Mouila : la marche vers Libreville, nouveau moyen de se faire entendre ?

Des commerçantes du Carrefour Moussa ont entamé une marche en direction de Libreville afin de rencontrer le président de la République et la Première dame. Elles souhaitent exprimer leur soutien au couple présidentiel, tout en réclamant la construction d’un marché, d’une caserne de sapeurs-pompiers, de routes et d’écoles.
À Mouila, cette scène devient presque une habitude. Après d’autres groupes de citoyens ayant choisi la marche vers Libreville pour faire entendre leurs revendications, ce sont désormais des commerçantes qui empruntent le même chemin. Un constat qui traduit moins une simple mobilisation qu’un profond dysfonctionnement des mécanismes de dialogue entre les populations et les autorités.
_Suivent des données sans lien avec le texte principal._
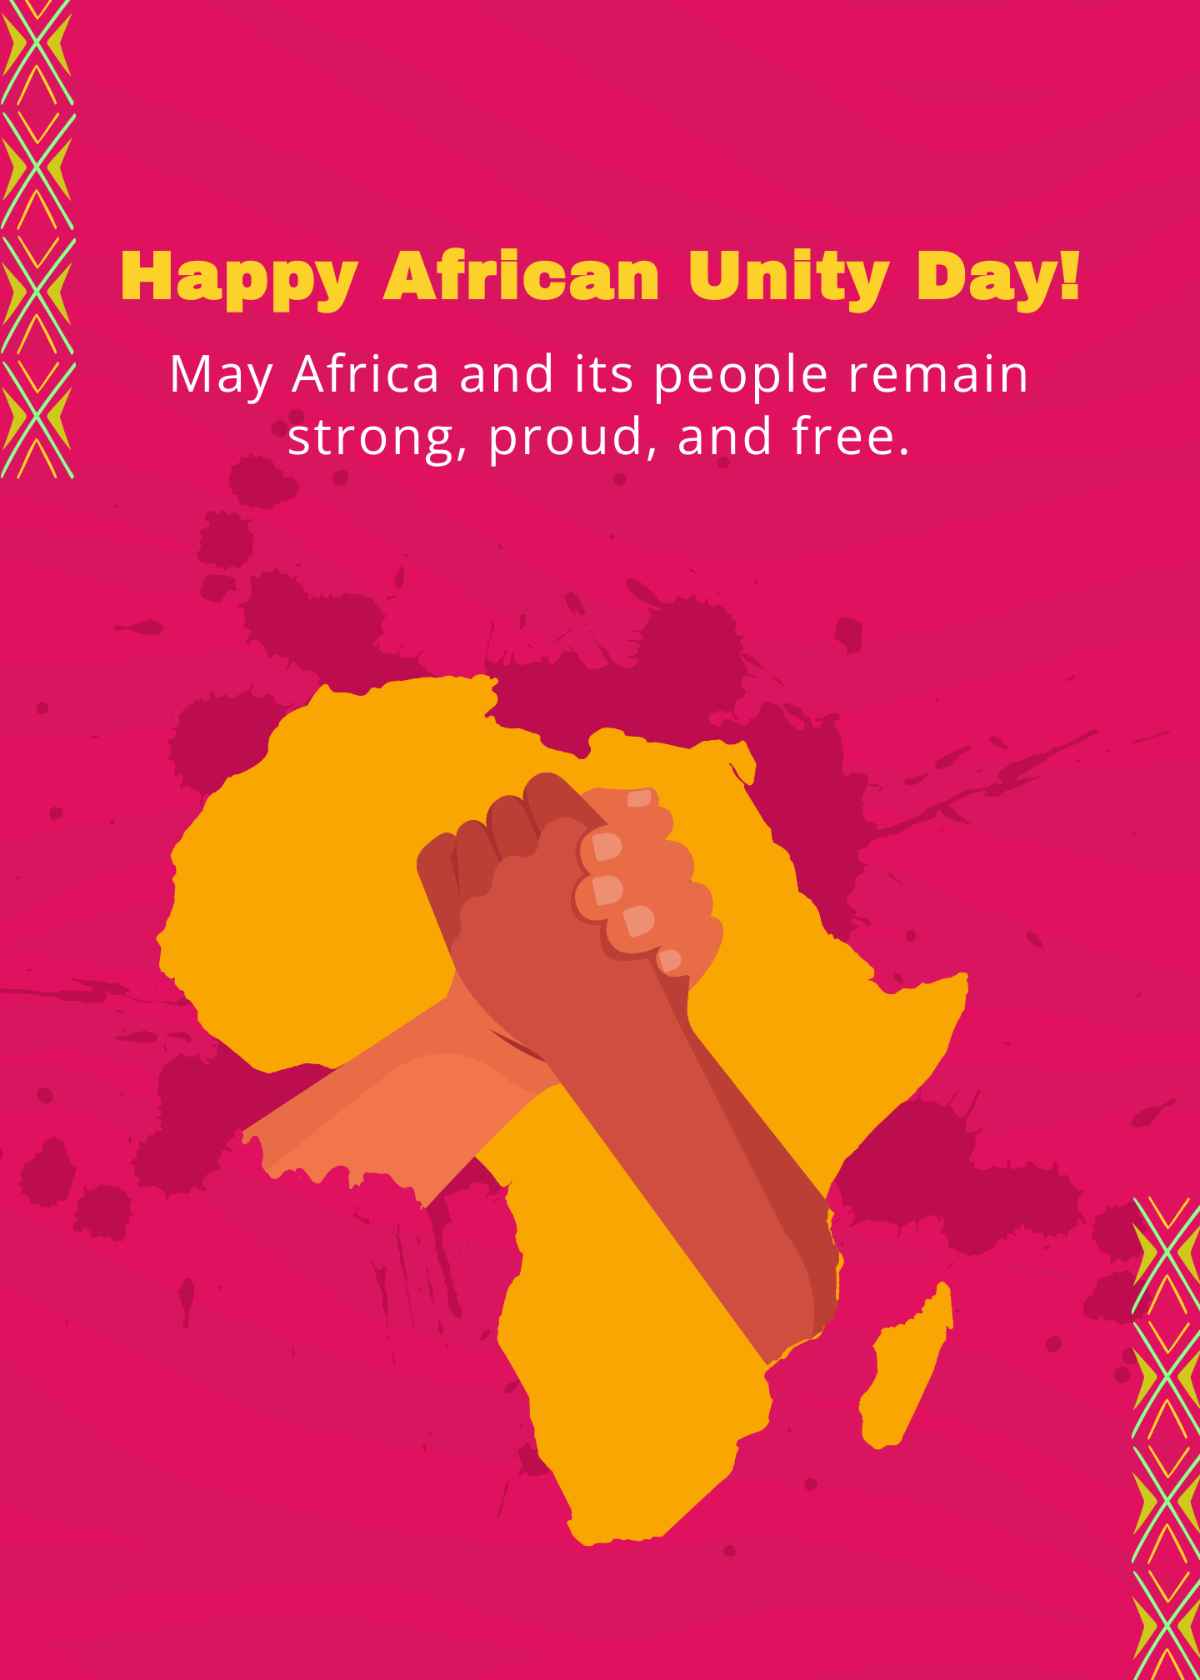 African Unity Day Greeting Card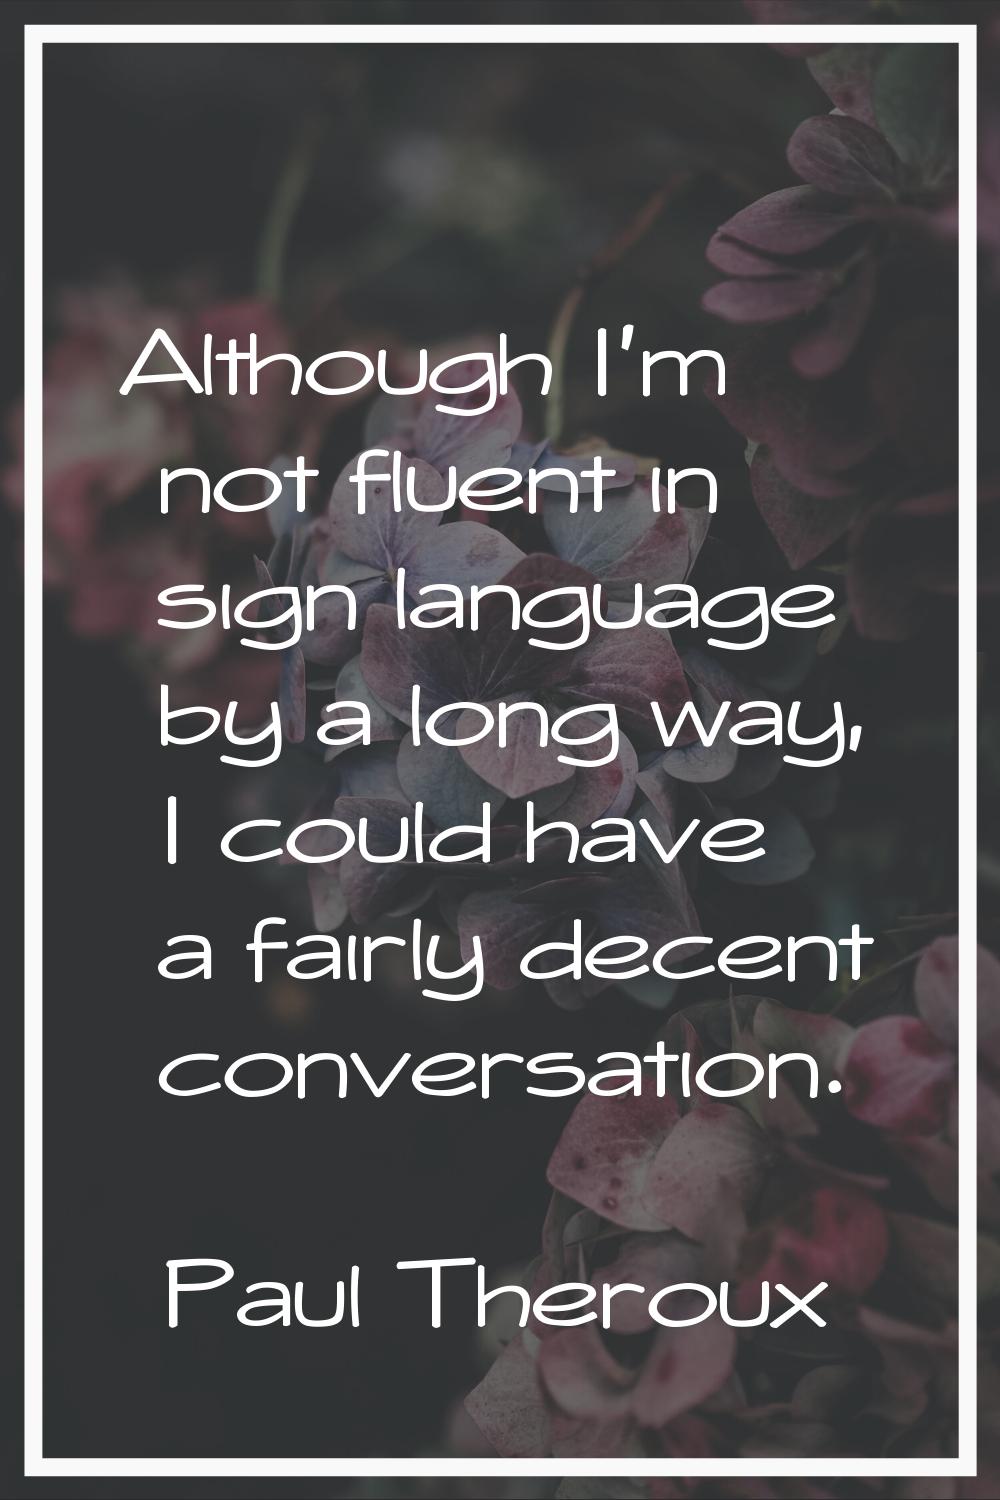 Although I'm not fluent in sign language by a long way, I could have a fairly decent conversation.

Comment expliquer qu’au XXIᵉ siècle, des citoyens estiment qu’il faut parcourir des centaines de kilomètres à pied pour espérer attirer l’attention sur des besoins aussi élémentaires ? Cette situation pose une question essentielle : les institutions locales jouent-elles encore pleinement leur rôle ? Si les habitants ne font plus confiance aux canaux administratifs, c’est toute la chaîne de gouvernance qui se trouve interrogée.
Au-delà du symbole, cette marche révèle une réalité préoccupante : pour certains citoyens, l’accès au chef de l’État semble être perçu comme le seul moyen d’obtenir des réponses à des problèmes qui devraient pourtant être traités au niveau local. Un paradoxe qui met en lumière les limites de la décentralisation et le fossé persistant entre les attentes des populations et le fonctionnement des institutions.